The loud speaker is connected to an amplifier which gives out alternating current. This flows backwards, forwards, backwards… and so on, causing a force on the coil which is also backwards, forwards, backwards…. As a result, the cone vibrates and gives out sound waves. The nature of sound produced depends on the frequency and amplitude of the alternating current flowing through the coil.

21. Tape recorder
A sound wave sent into a microphone is transformed into an electric current (alternative current), amplified, and allowed to pass through a wire coiled around a doughnut-shaped piece of iron, which functions as the recording head. The iron ring and the wire constitute an electromagnet, in which the lines of the magnetic field are contained completely inside the iron except at the point where a slot is cut in the ring. Here the magnetic field fringes out of the iron and magnetizes the small pieces of iron oxide embedded in the tape. As the tape moves past the slot, it becomes magnetized in a pattern that reproduces both the frequency and the intensity of the sound signal entering the microphone.

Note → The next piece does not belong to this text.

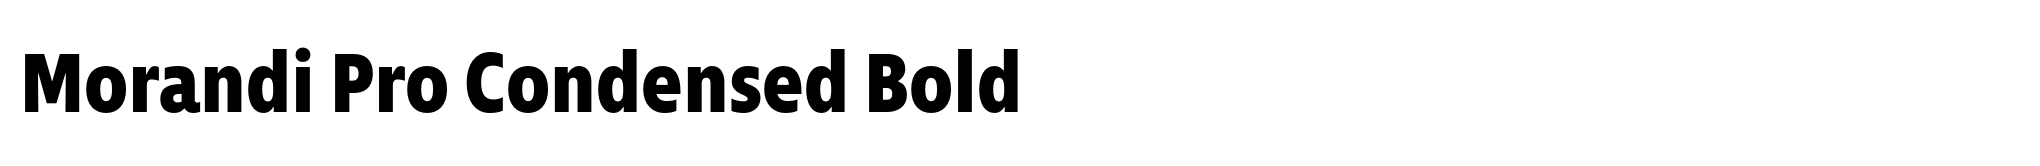 Morandi Pro Condensed Bold image

22. Magnetic screening or magnetic shielding
Magnetic screening is protecting delicate instruments from stray magnetic fields by placing delicate instrument inside the soft iron box. Since the soft iron is a magnetic material, so stray magnetic field lines can go through the soft iron as shown below. But the field lines cannot reach into delicate instrument it will protect the layer of soft iron around it.